Todas as imagens foram feitas por picadas manuais. As composições maiores parecem ter sido executadas com uma ferramenta de múltiplas pontas e, depois, finalizadas com outra ferramenta separada e mais fina - provavelmente de ponta única - para obter linhas mais estreitas. Uma ferramenta semelhante terá sido usada nos motivos menores das mãos.

As tatuagens dos antebraços exigiram maior perícia do que as das mãos, o que sugere, talvez, a participação de vários artistas ou então um único artista cuja técnica foi melhorando ao longo do tempo.

"Foi a experiência do Danny que nos permitiu avaliar as diferenças entre as tatuagens dos antebraços e descrever as ferramentas prováveis", disse Deter-Wolf ao ScienceAlert.

"Este estudo fornece a primeira evidência positiva de que as tatuagens Pazyryk foram criadas por picadas manuais e estabelece a utilização de vários tipos de ferramentas. Também reforça a capacidade dos tatuadores Pazyryk e coloca-os como artesãos qualificados comparáveis aos artesãos da Idade do Ferro que criaram têxteis, peças de madeira, couro e trabalhos em metal citas."

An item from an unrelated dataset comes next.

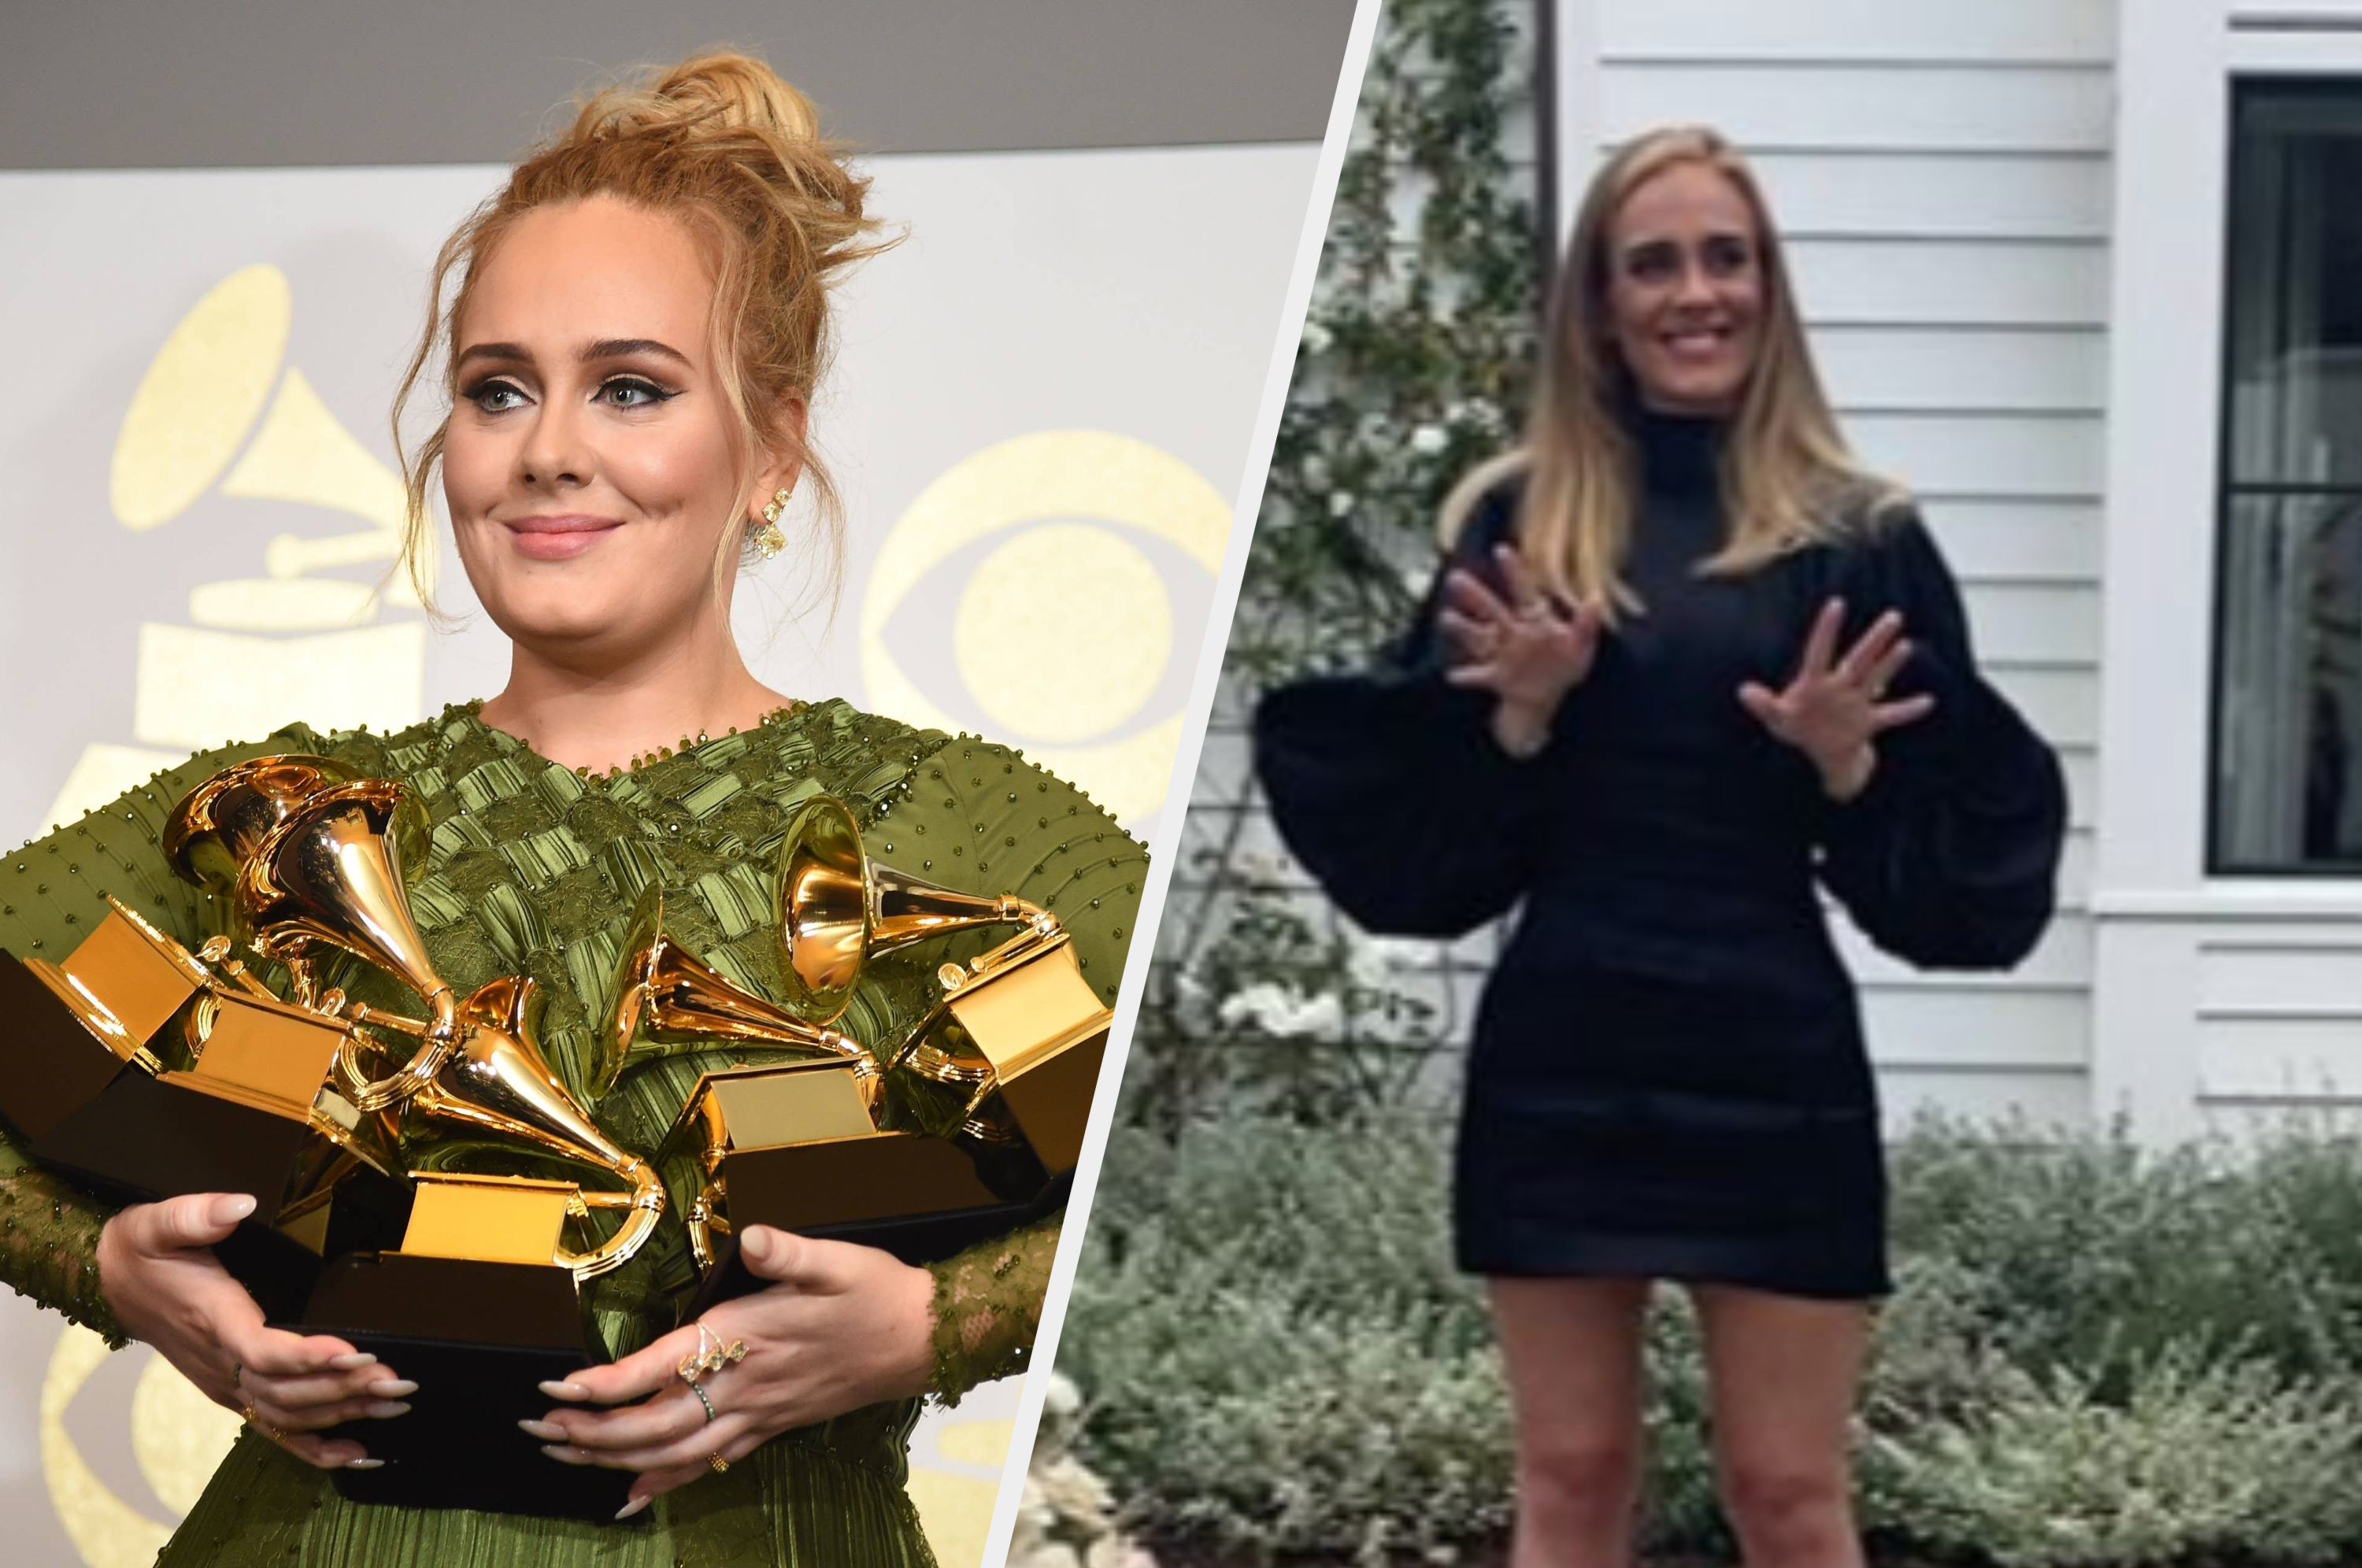 Adele's Weight Loss Is A Double Bind

Estes resultados indicam que, para os Pazyryk, tatuar não seria um simples passatempo, mas sim uma componente relevante da cultura, dependente de artistas especializados que aprimoravam o seu ofício ao longo do tempo, tal como acontece com os tatuadores modernos.

Isto é sustentado por um detalhe essencial observado nesta múmia e noutras seis múmias tatuadas da mesma região, datadas do início da Idade do Ferro: nenhuma das tatuagens se sobrepõe e muitas estão posicionadas de forma perfeita para a parte do corpo onde foram inscritas. Isso sugere que a localização das tatuagens era pensada e intencional e, por isso, um elemento importante da cultura Pazyryk.

"O estudo oferece uma nova forma de reconhecer a agência pessoal em práticas pré-históricas de modificação corporal. A tatuagem surge não apenas como decoração simbólica, mas como um ofício especializado - que exigia competência técnica, sensibilidade estética e formação formal ou aprendizagem", afirma Caspari.

"Isto fez-me sentir que estávamos muito mais perto de ver as pessoas por detrás da arte, como trabalhavam e aprendiam e cometiam erros. As imagens ganharam vida."

A investigação foi publicada na revista Antiquity.